To explore how genetic variation in other NRF2 pathway genes might contribute to smoking-induced lung cancer disease susceptibility, we tested the association of many genotypes with both expression and/or group phenotype. We observed possible cis
-acting effects for putative regulatory SNPs on genes affected by cigarette smoking and these could impact susceptibility of the airway to smoking-related diseases through various mechanisms, including metabolism of carcinogens. For example, members of the aldo-keto reductase (AKR) superfamily, AKR1C1, AKR1C2, and AKR1C3, catalyze the conversion of aldehydes and ketones to their corresponding alcohols by utilizing NADH and/or NADPH as cofactors. Polymorphisms of AKR1C3 have been implicated in susceptibility to various types of cancer, including lung cancer 
. Microsomal epoxide hydrolase 1 (EPHX1) plays an important role in both the activation and detoxification of tobacco-derived carcinogens. Polymorphisms at exons 3 and 4 of the EPHX1 gene have been associated with variation in EPHX1 activity and a low-activity genotype of EPHX1 gene was associated with decreased risk of lung cancer among whites 
. While the associations we found in this hypothesis-generating study were modest and need to be confirmed by follow-up in larger studies, we suggest that this approach may prove useful for identifying functional SNPs that contributing to a phenotype via an impact on gene expression.
Disease-association studies, both candidate gene-based and genome-wide association studies (GWAS), have identified genetic variants that associate with both monogenic and complex diseases like lung cancer. Recently several genomic regions that may affect nicotine metabolism or dependency in lung cancer patients were identified by GWAS with very high statistical significance 
. Presumably individuals with these genetic traits may use more tobacco and receive higher doses of the carcinogenic compounds in cigarette smoke.
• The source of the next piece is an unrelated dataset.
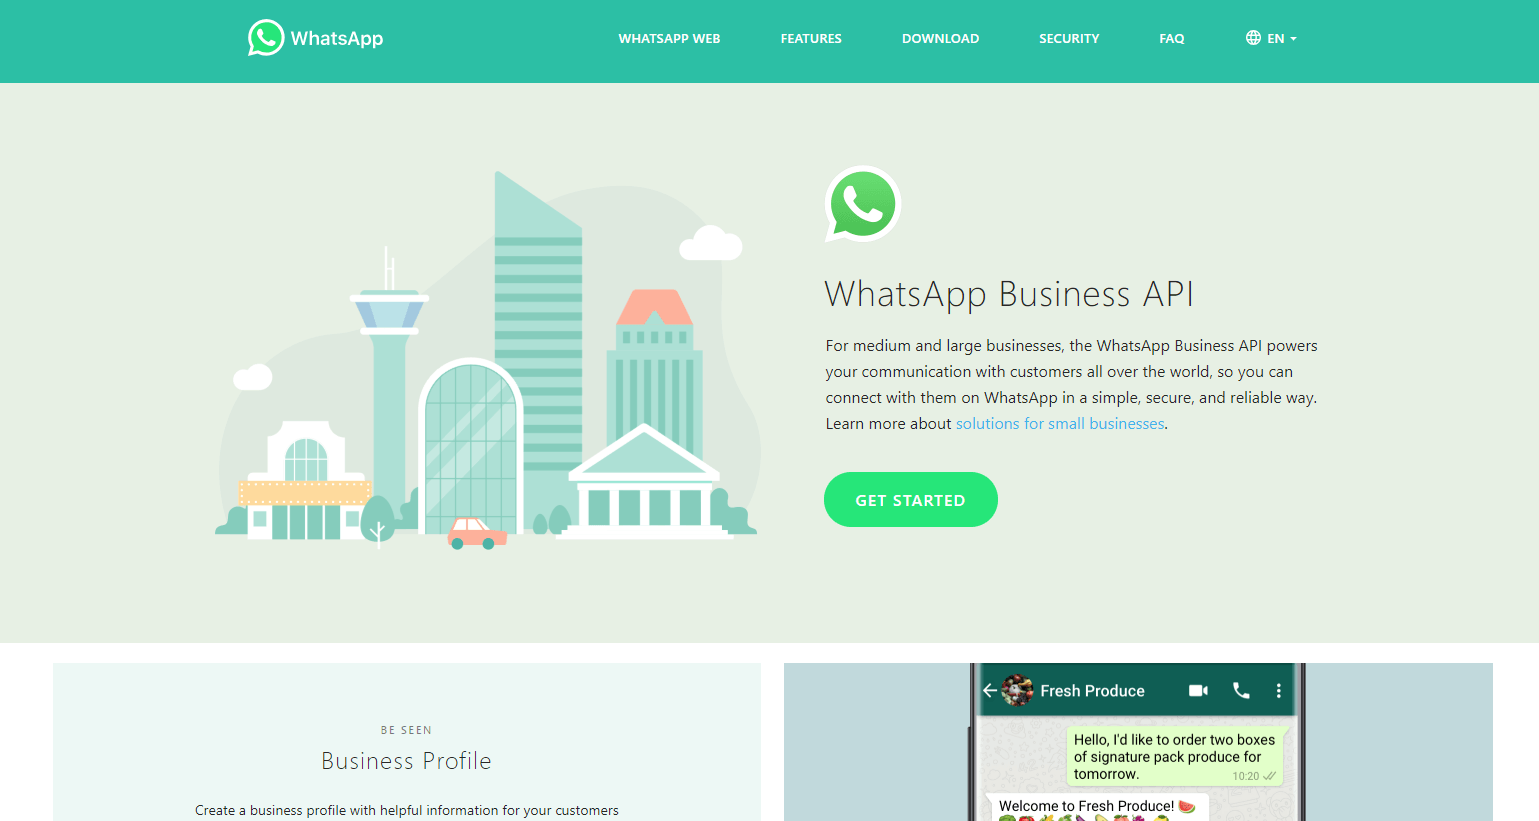 Official WhatsApp Business API

However, while the variants identified in the lung cancer GWAS studies, and in many other GWAS, point to potentially important loci, the functional relationship between the SNP and a molecular genetic mechanism to explain the biological phenotype is not apparent. Thus, understanding the molecular genetic basis of human phenotypic variation still remains a major challenge for genetics.
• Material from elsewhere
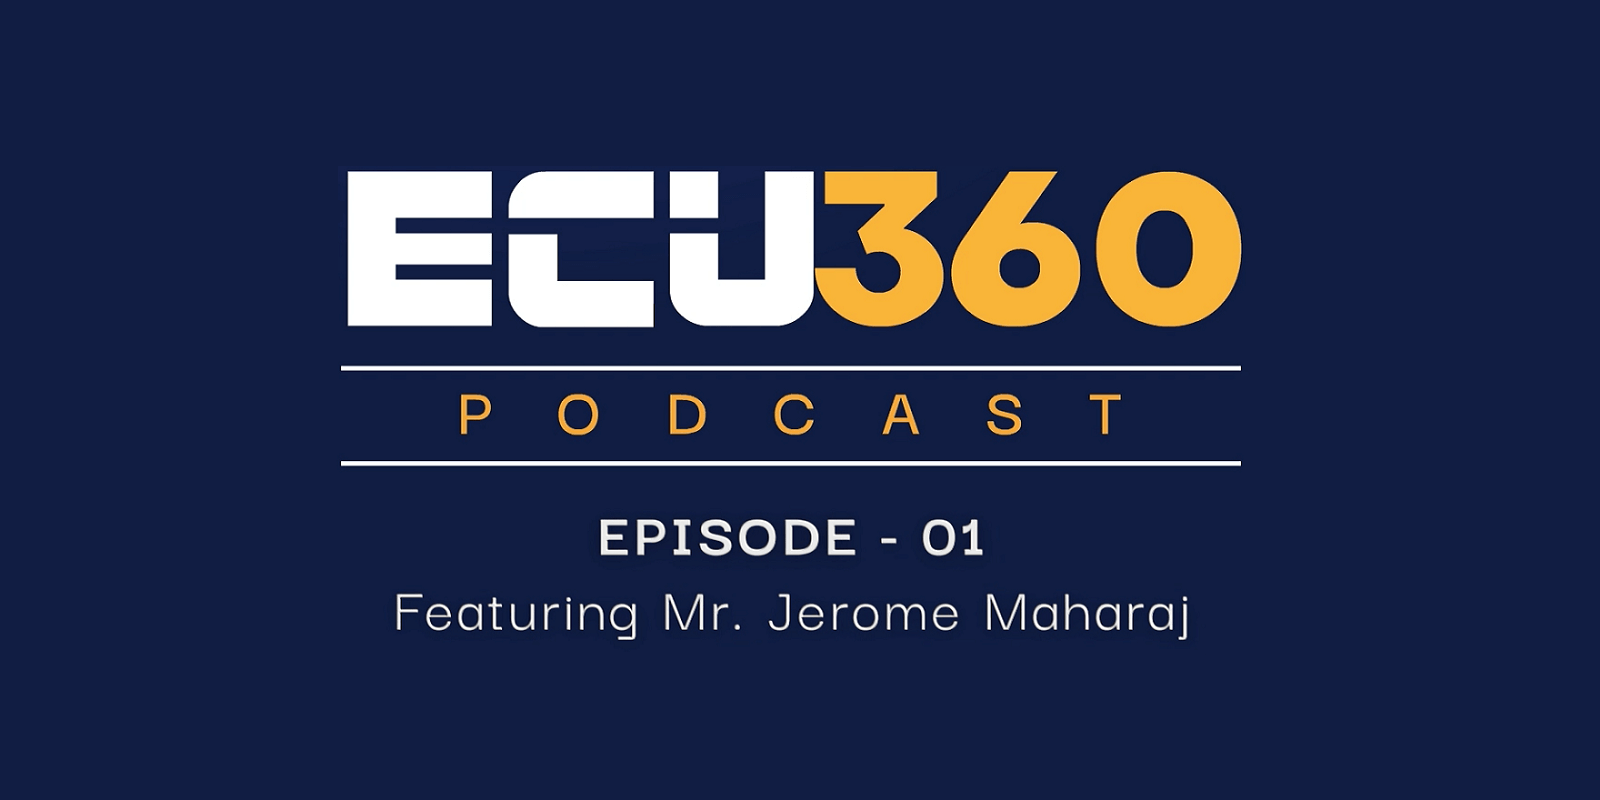 ECU360 podcast Episode - 01

The approach we have used integrates information about gene expression in target tissue, variation in transcription factor binding sites and genotype frequency among cancer status groups in order to identify biologically-plausible functional polymorphisms. It could be generally useful for identifying SNPs that contribute to disease risk through their impact on gene expression. While the present study is limited by statistical power, applying this method to larger studies of exposed-tissue samples from clinically characterized patients may reveal useful expression-based and/or genetic biomarkers and provide a basis for prevention efforts.